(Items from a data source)
/---

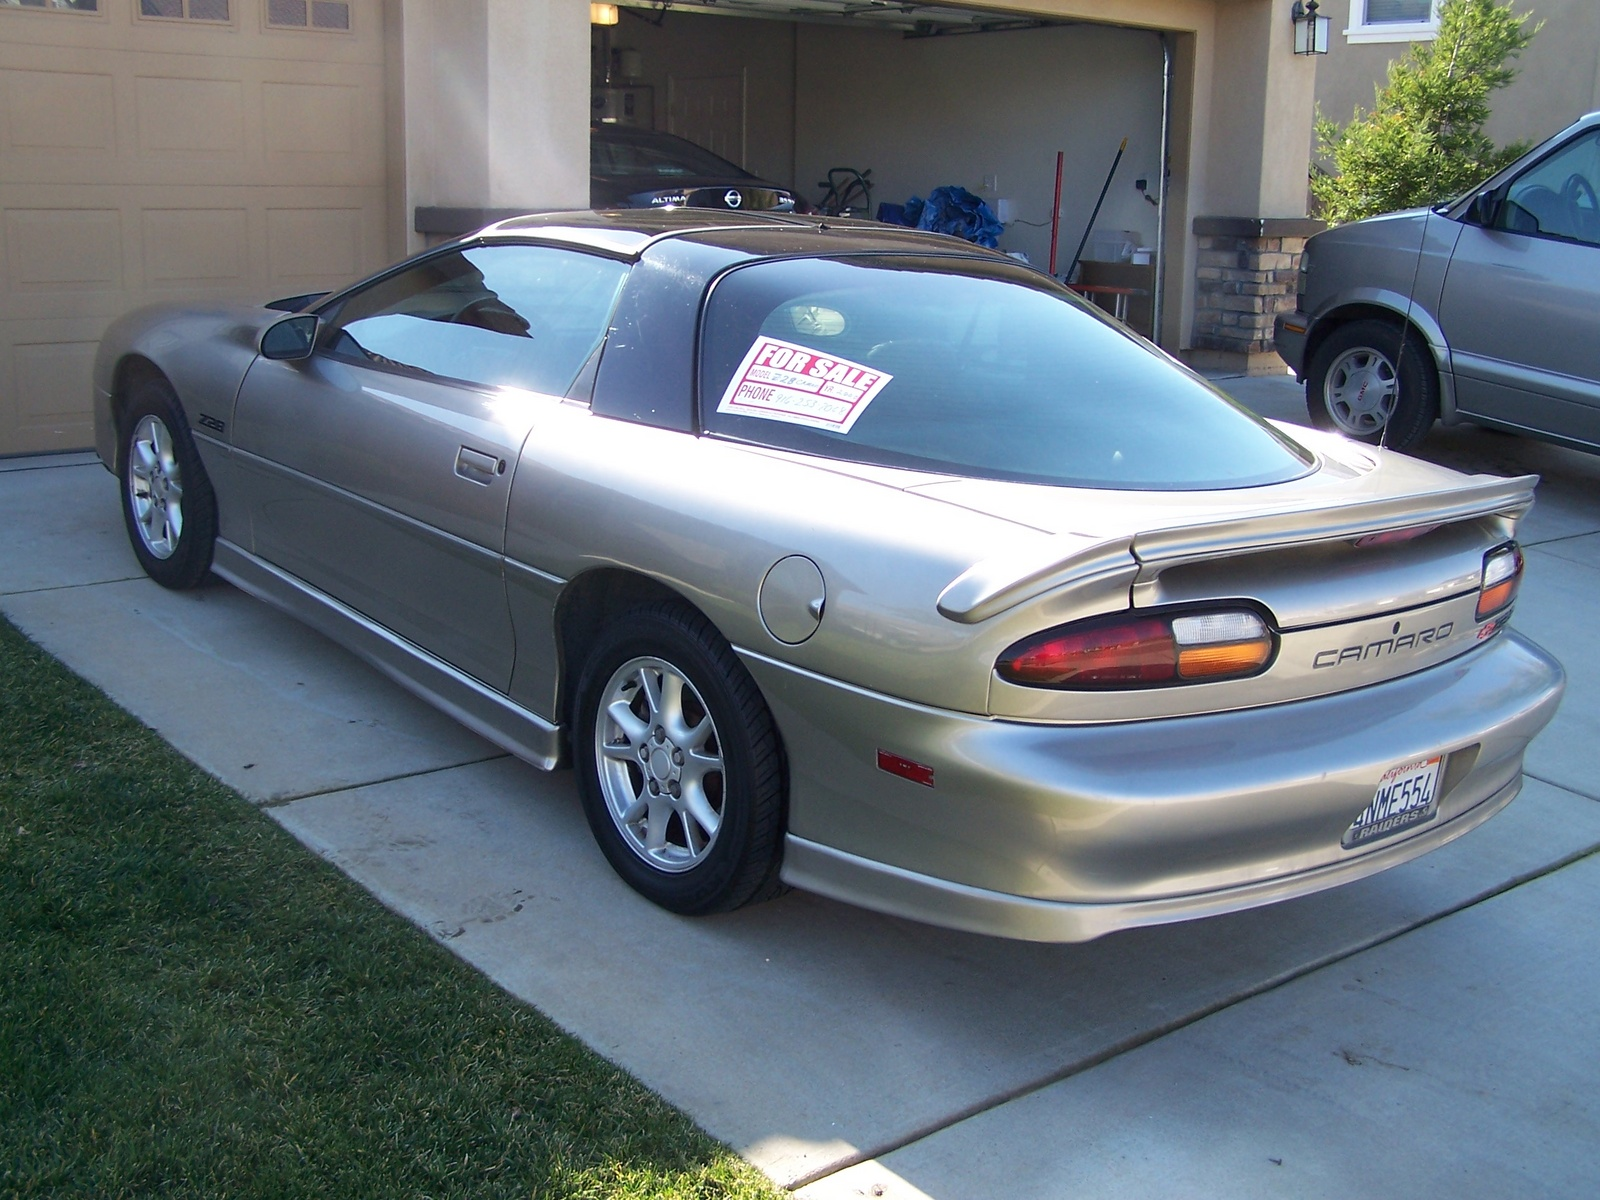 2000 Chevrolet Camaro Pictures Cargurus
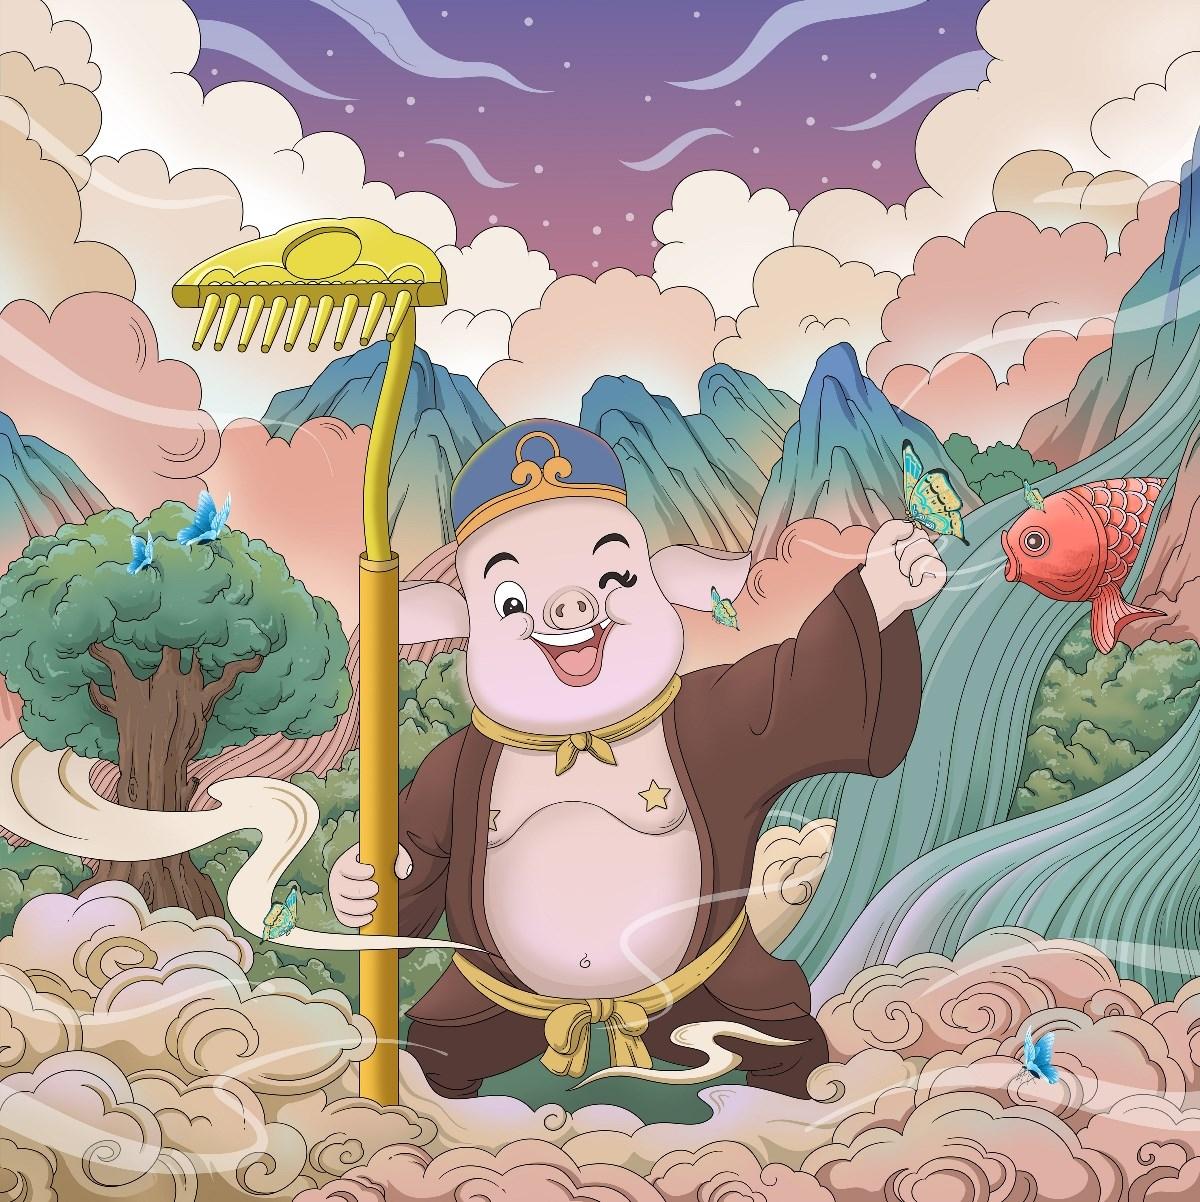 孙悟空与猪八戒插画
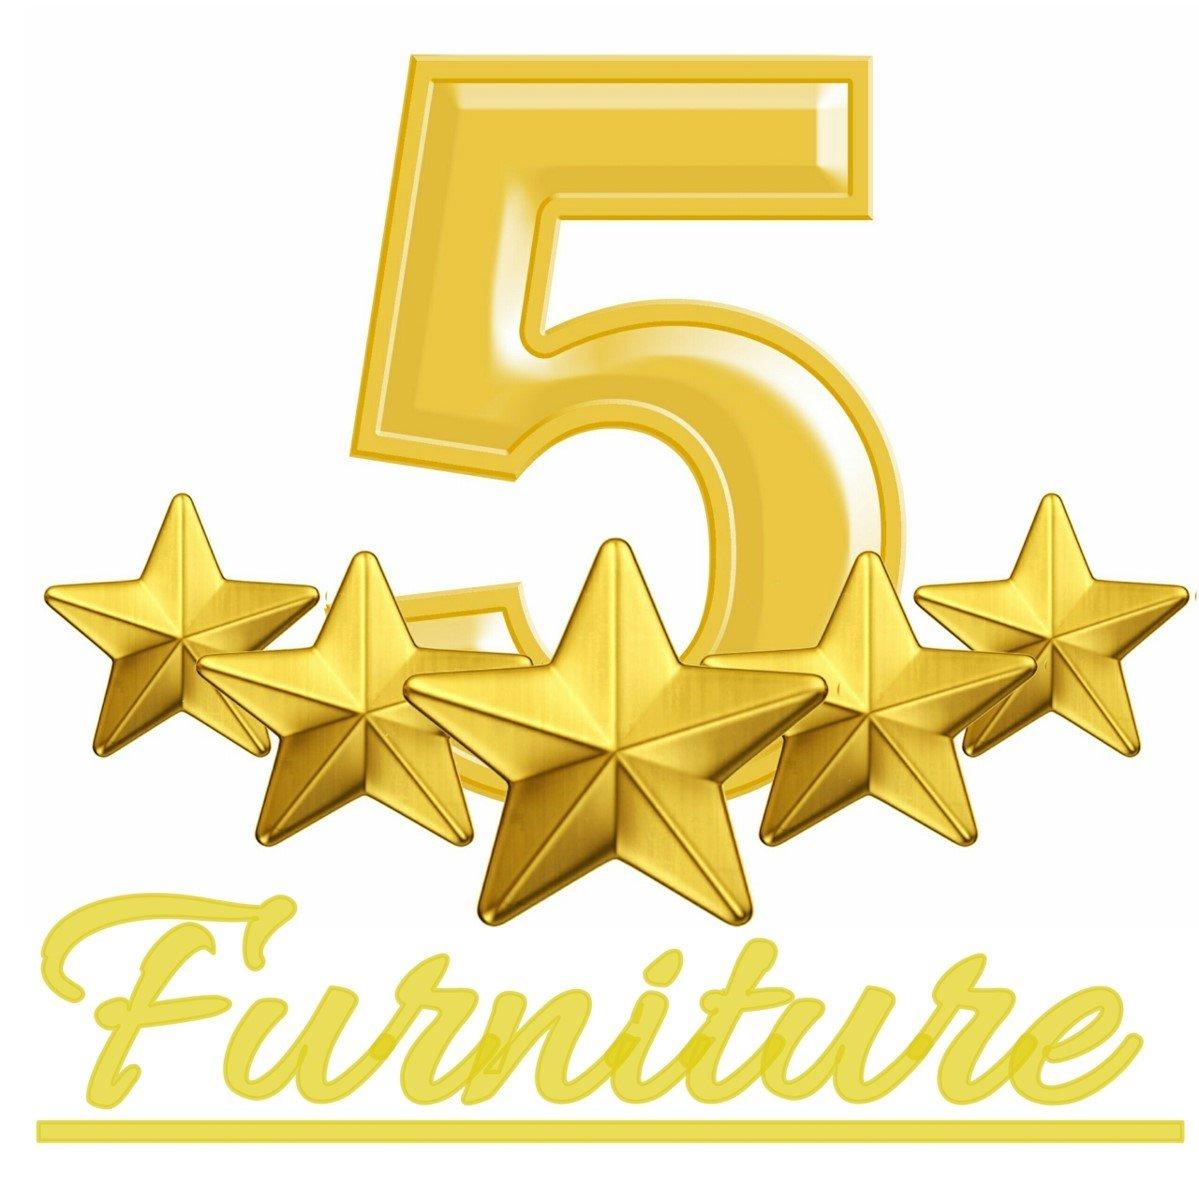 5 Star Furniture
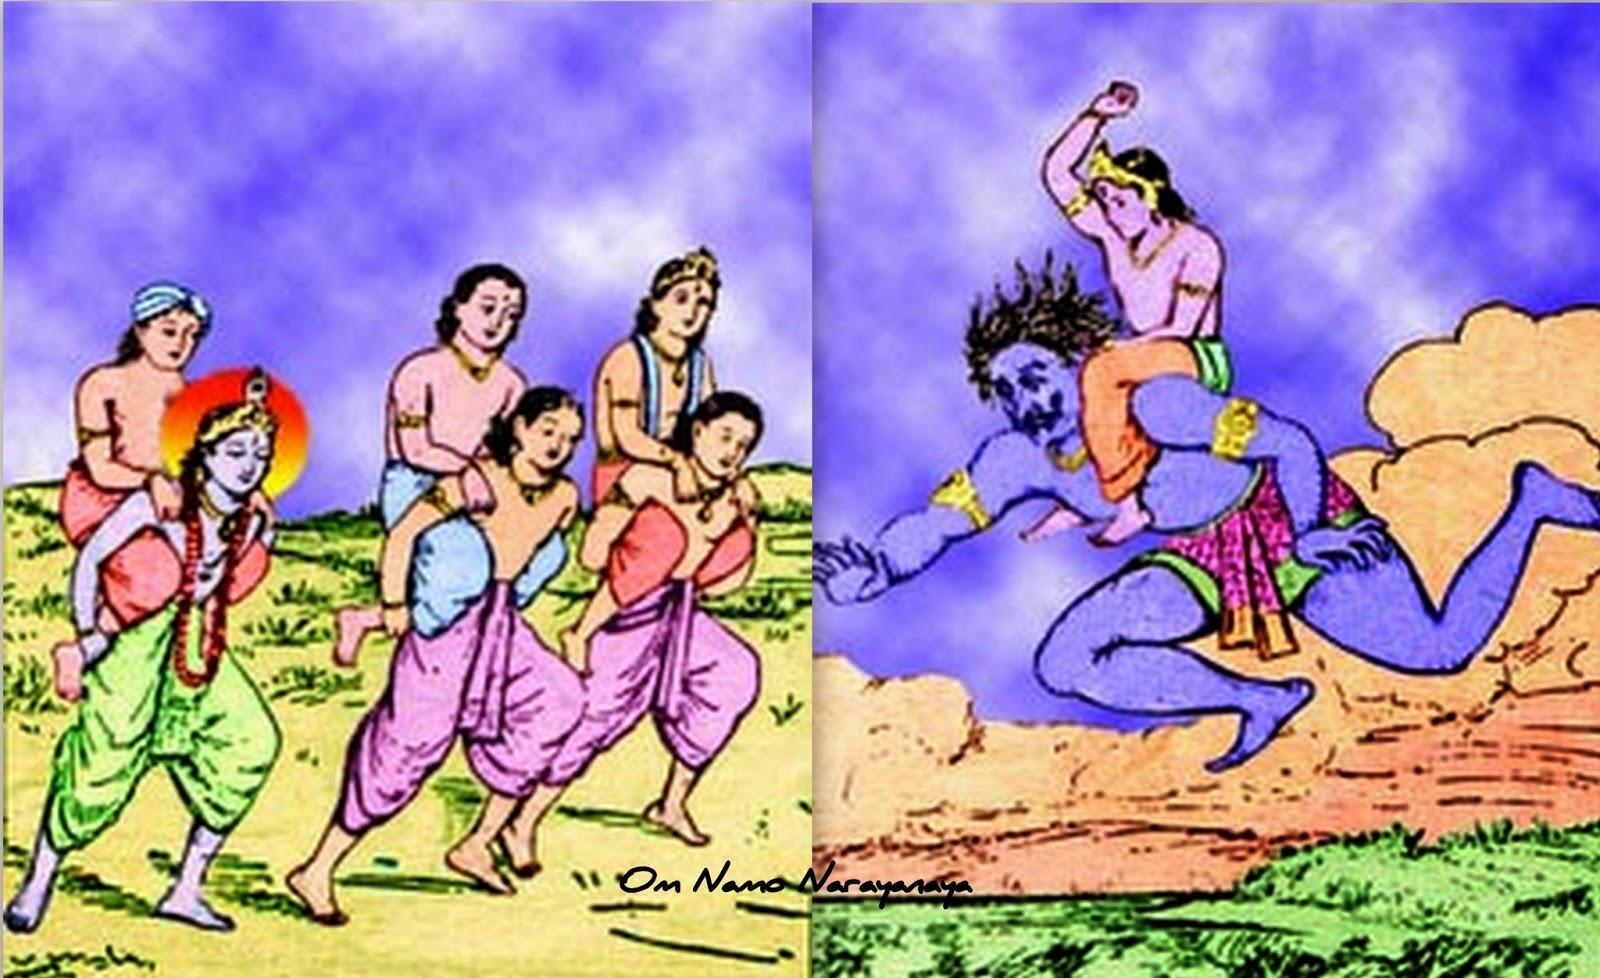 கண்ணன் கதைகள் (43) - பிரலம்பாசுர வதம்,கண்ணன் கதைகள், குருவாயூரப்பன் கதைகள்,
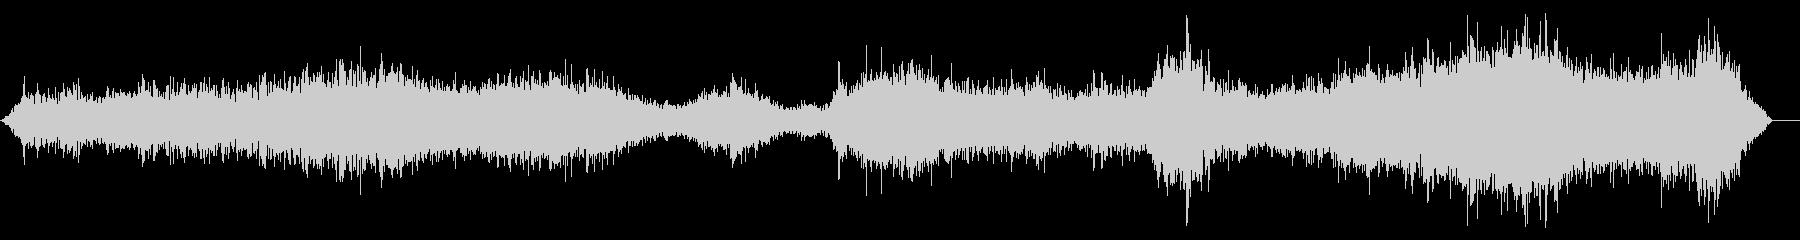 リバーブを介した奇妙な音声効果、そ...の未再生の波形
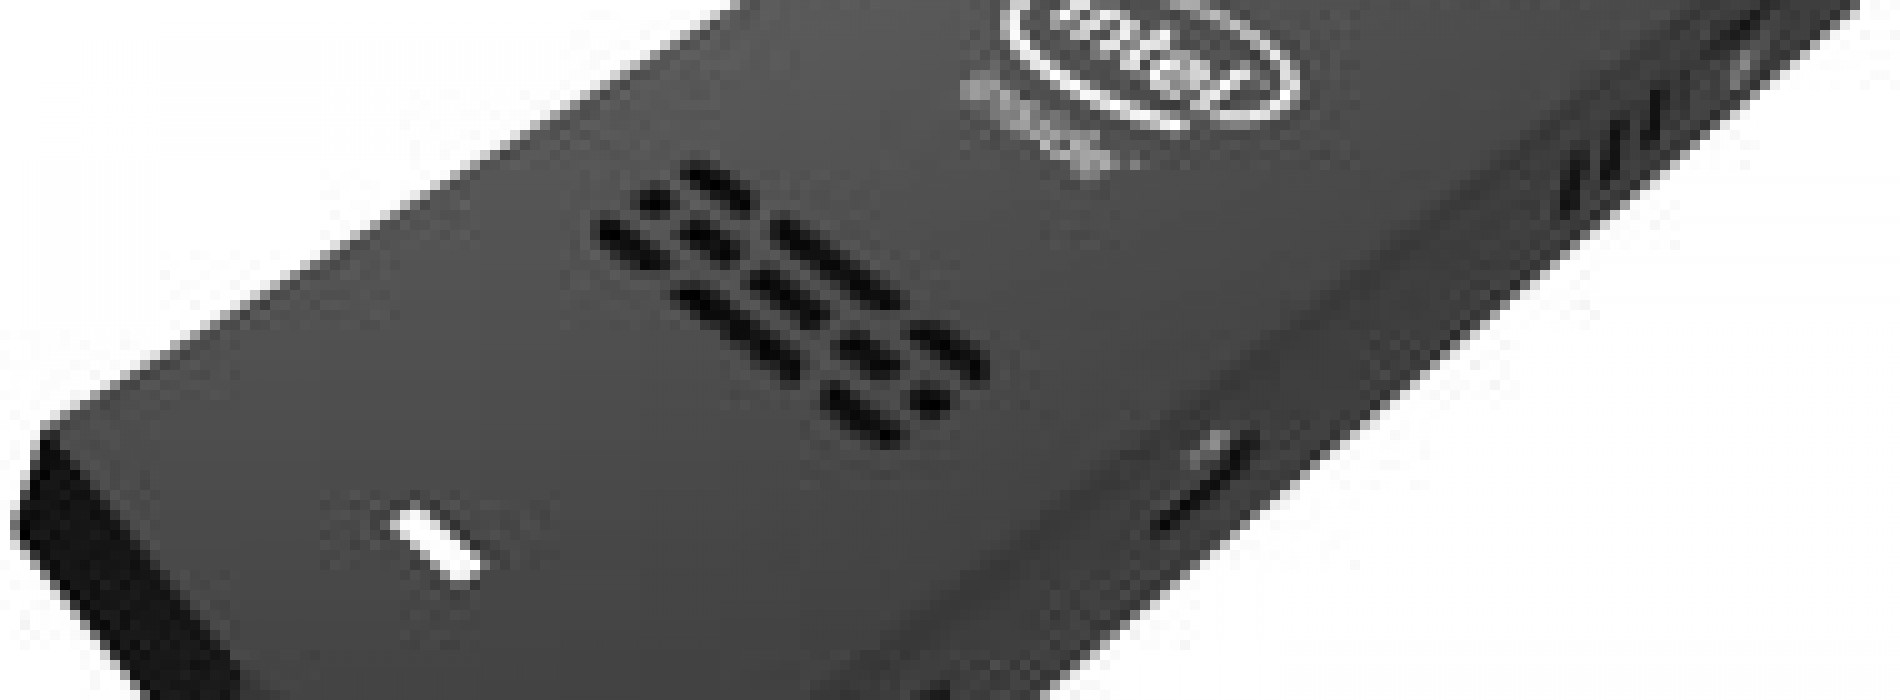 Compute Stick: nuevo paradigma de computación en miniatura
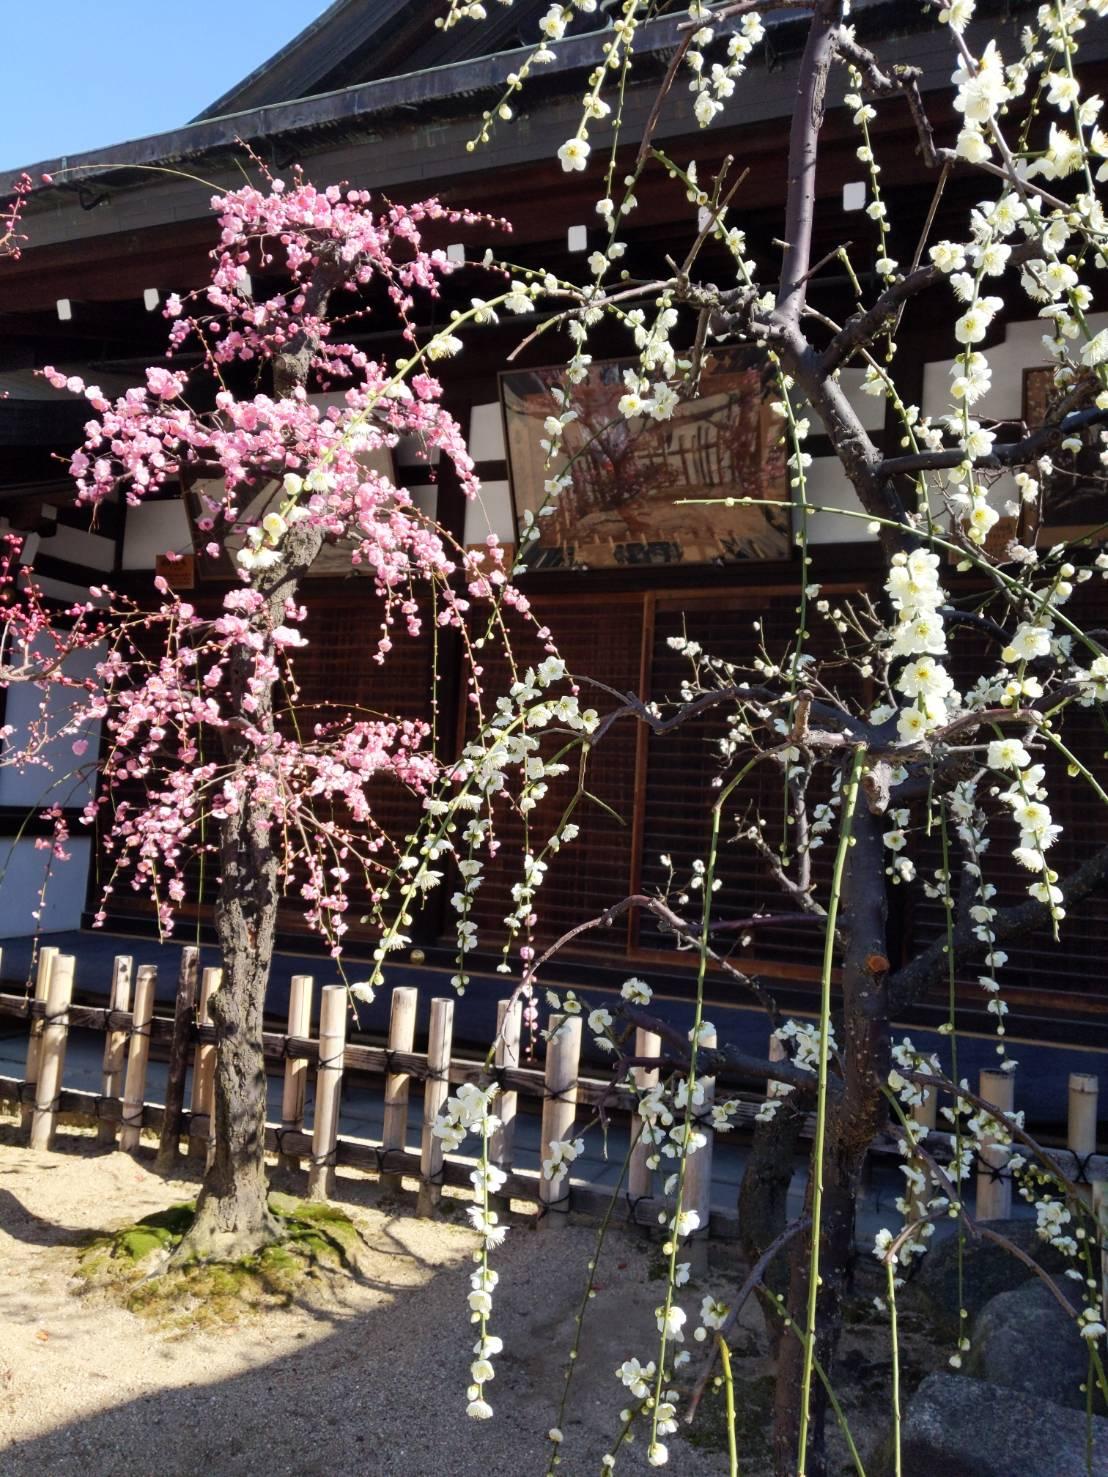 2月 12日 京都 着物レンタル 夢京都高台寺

\---

§ Task brief: Copy out the data verbatim, excluding the pictures.

§ Answer section:
 2000 Chevrolet Camaro Pictures Cargurus
 孙悟空与猪八戒插画
 5 Star Furniture
 கண்ணன் கதைகள் (43) - பிரலம்பாசுர வதம்,கண்ணன் கதைகள், குருவாயூரப்பன் கதைகள்,
 リバーブを介した奇妙な音声効果、そ...の未再生の波形
 Compute Stick: nuevo paradigma de computación en miniatura
 2月 12日 京都 着物レンタル 夢京都高台寺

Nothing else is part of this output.